Нашей в этой кампании и только в этот день считалась песня, которую так любили петь пережившие Великую Отечественную войну их матери и отцы. Правда, с той поры в каких-то куплетах поменялись слова, а какие-то и вовсе забылись…
Редко, друзья, нам встречаться приходится,
Но уж коли довелось,
Вспомним, что было, выпьем, как водится,
Как на Руси повелось
Выпьем за тех, кто неделями долгими
В мёрзлых сидел блиндажах
Дрался на Ладоге, дрался на Волхове,
Не отступал ни на шаг!
Выпьем за тех, кто командовал ротами,
Кто умирал на снегу,
Кто в Ленинград пробирался болотами,
Горло ломая врагу!
Женя слушала, как сидящие за столом старательно вытягивают мелодию, и молчала, она ведь не знала слов. А хоть бы и знала… Комок в горле, и слёзы, собравшиеся у набухших век, вряд ли позволили ей произнести хоть слово и не разрыдаться. «Господи, что же у них там творилось?» – думала она. – Ведь это за её родной Питер, зачем-то переименованный в ТОМ времени в Ленинград, умирали герои этой песни. Умирали, но победили!
Встанем и чокнемся кружками стоя мы,
В братстве друзей боевых
Выпьем за мужество павших героями,
Выпьем за славу живых!
Песня смолкла, и Ольга наклонилась к промокавшей платком глаза Евгении:
– Ну, теперь поняла, что за победа?
– Нет, – помотала головой Женя. – Не понимаю, как вы могли, как вы посмели победить такой ценой?!
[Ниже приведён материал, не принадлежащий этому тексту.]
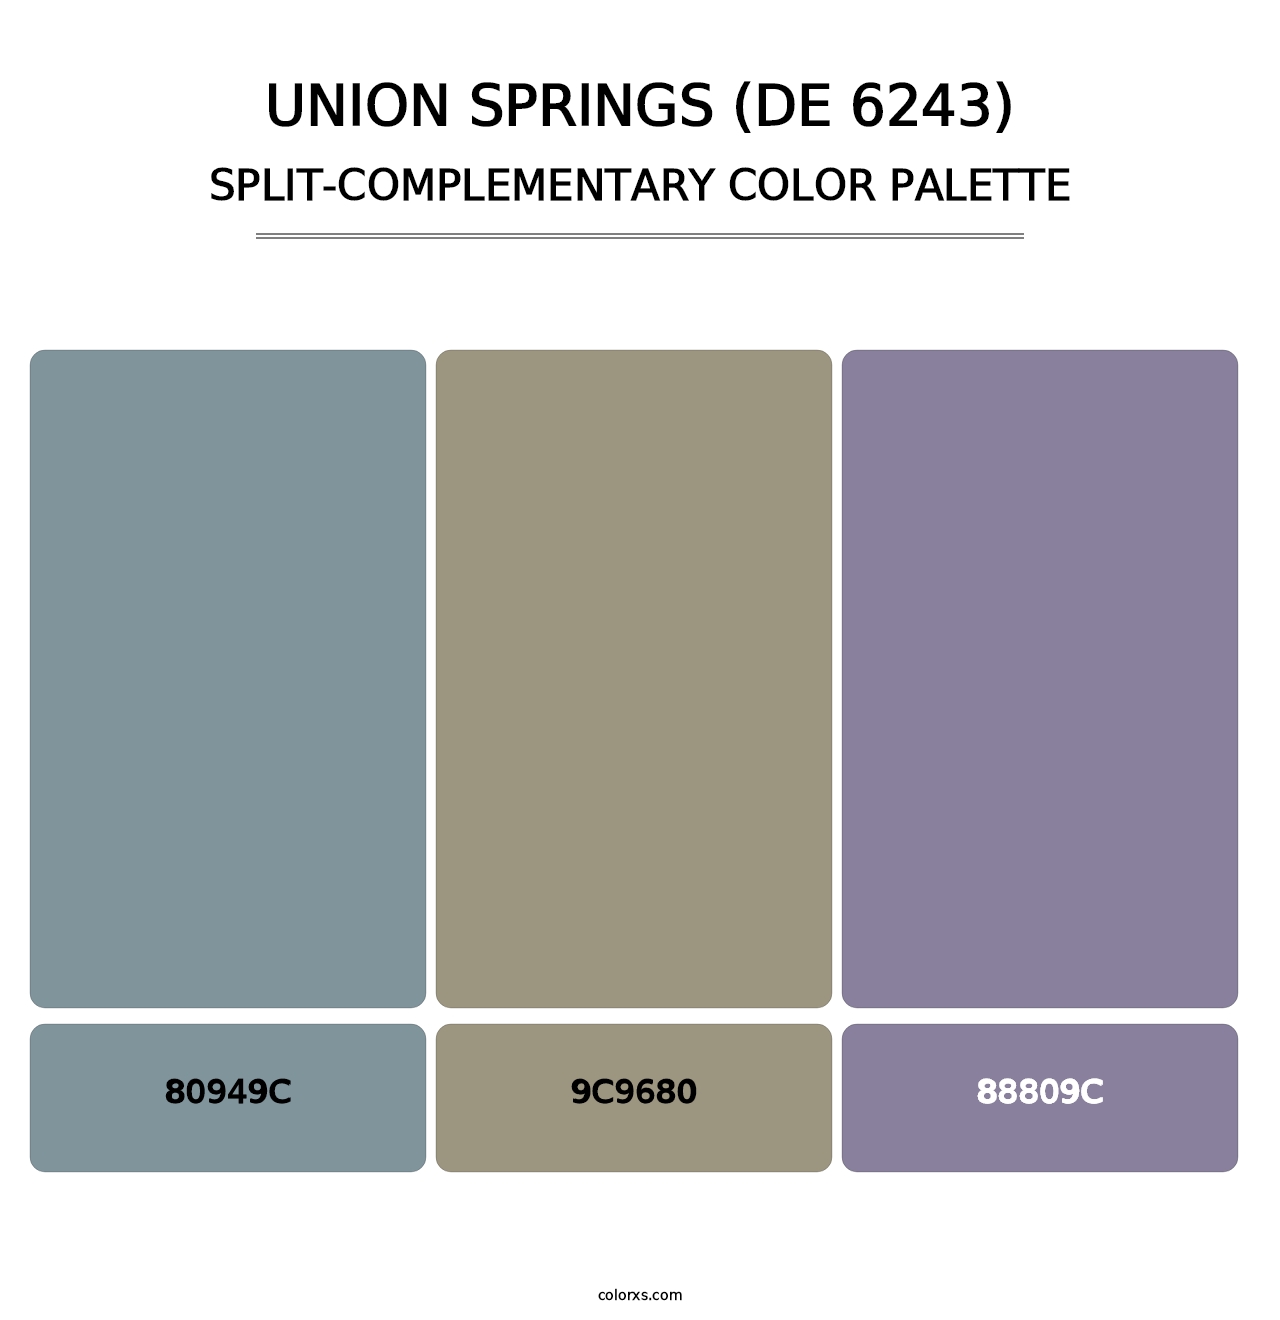 Union Springs (DE 6243) - Split-Complementary Color Palette

За столом установилась оглушительная тишина, как на фронте, перед началом артподготовки. Потом Михаил каким-то глухим голосом спросил:
– Что ты имеешь в виду? Поясни!
– Поясняю! – Евгения вскинула голову. – Напомните мне: каковы потери на полях сражений?
– Считай, что сопоставимы, – ответил Глеб.
– Но с нашей стороны всё равно больше? – За столом промолчали. – Ладно. А каковы потери среди мирного населения.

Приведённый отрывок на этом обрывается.